(Your goal) Copy out each line below verbatim, skipping any picture.

(Source data)
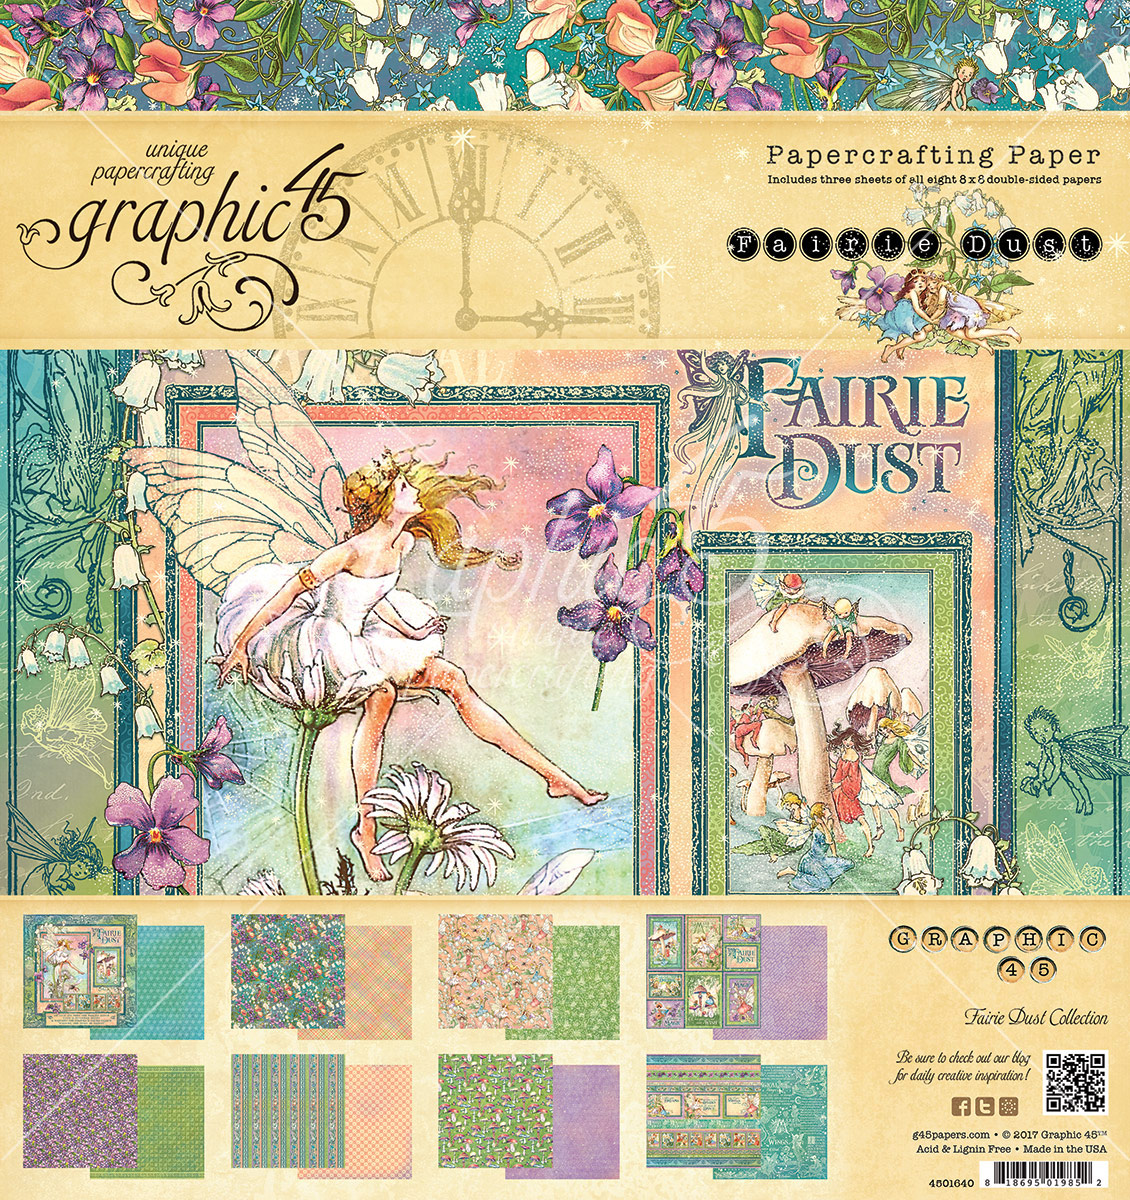 fairie-dust-8x8-pad-cvr.jpg
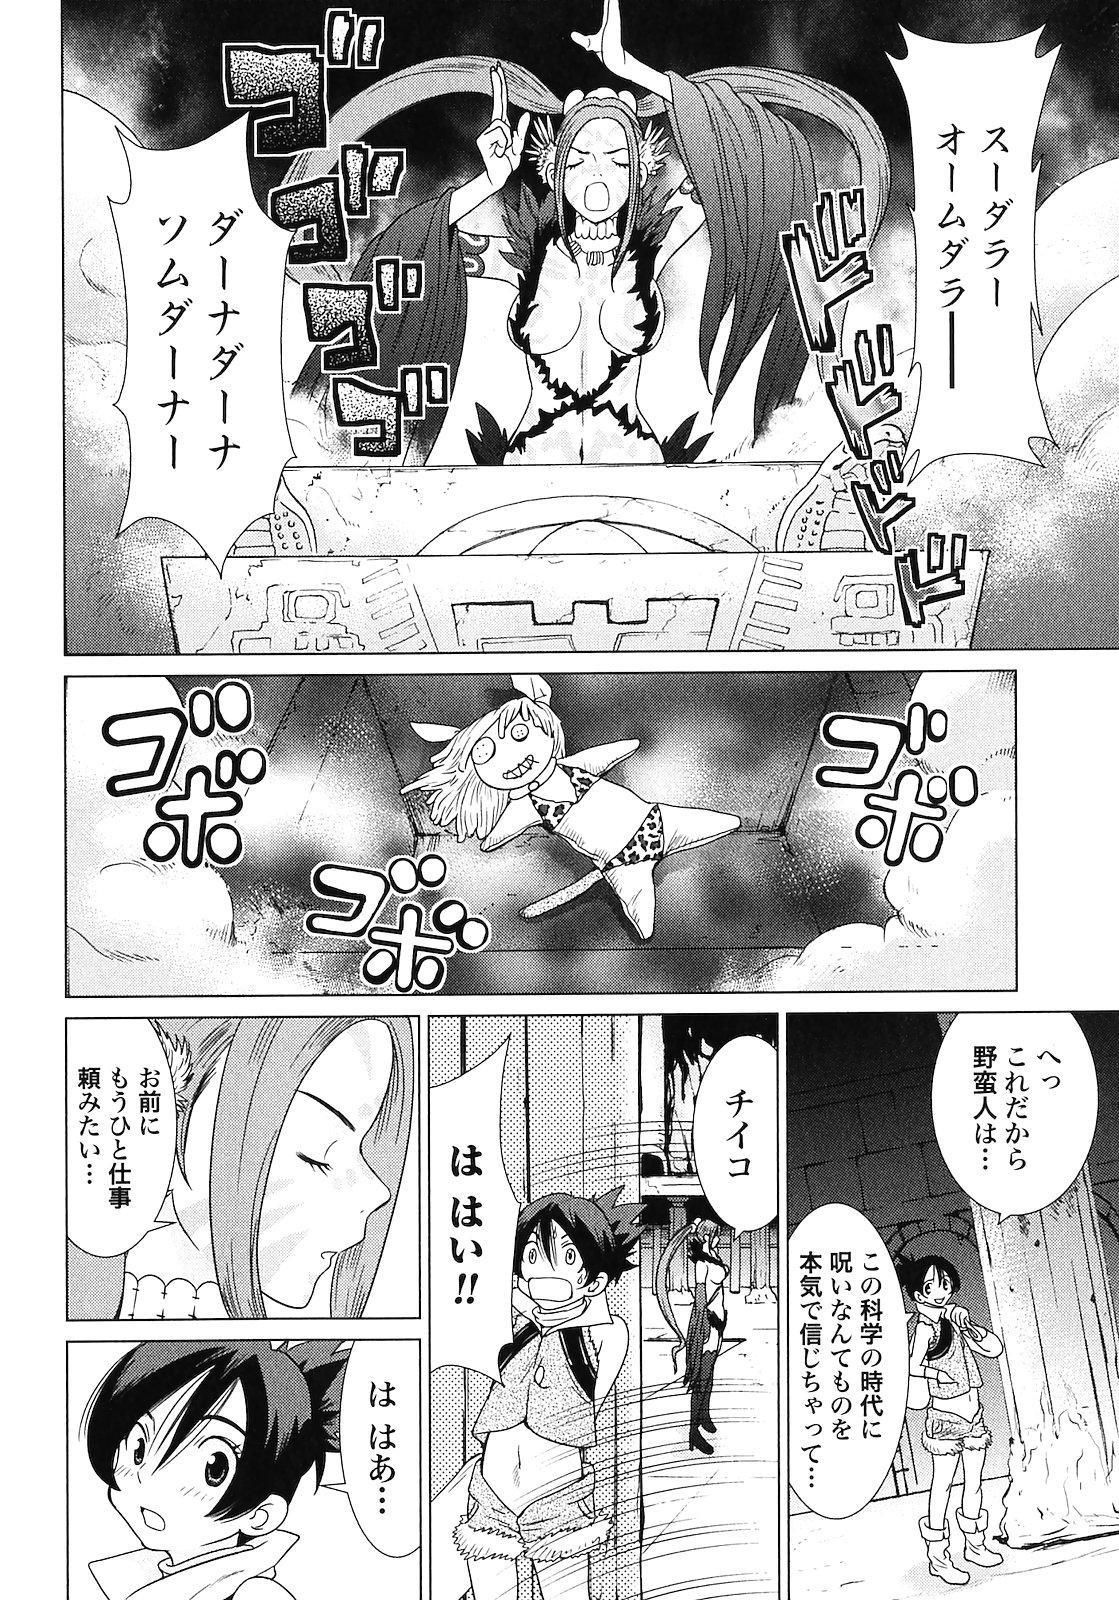 Makyo no Shanana Vol.02 35
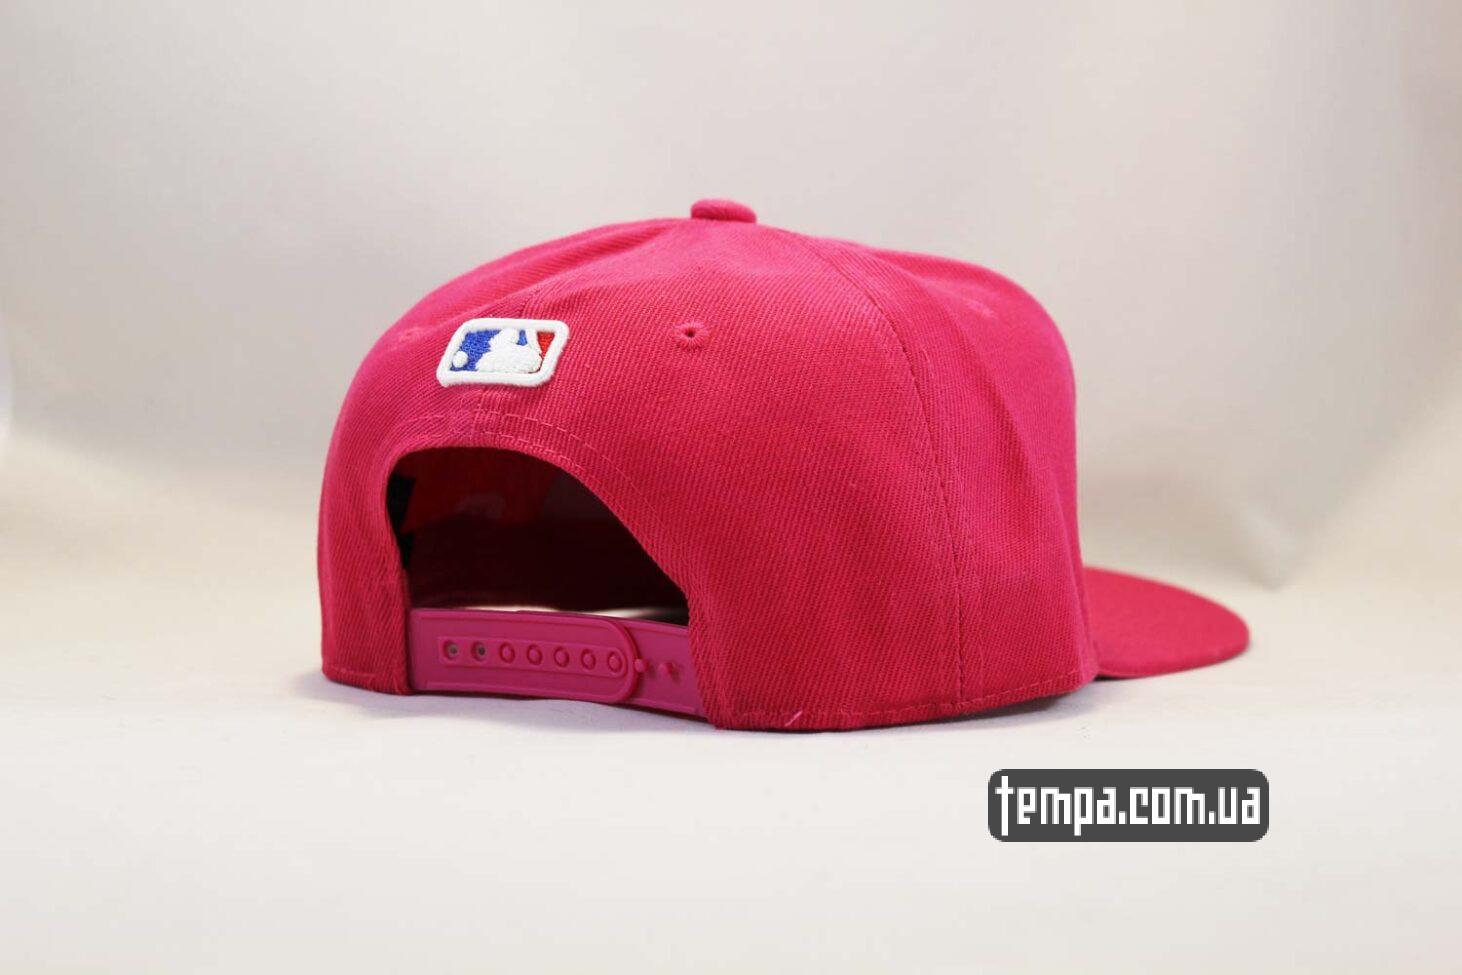 newEra кепка snapback NY Yankees New York Pink Розовая купить Украина

(Exercise output)
 fairie-dust-8x8-pad-cvr.jpg
 Makyo no Shanana Vol.02 35
 newEra кепка snapback NY Yankees New York Pink Розовая купить Украина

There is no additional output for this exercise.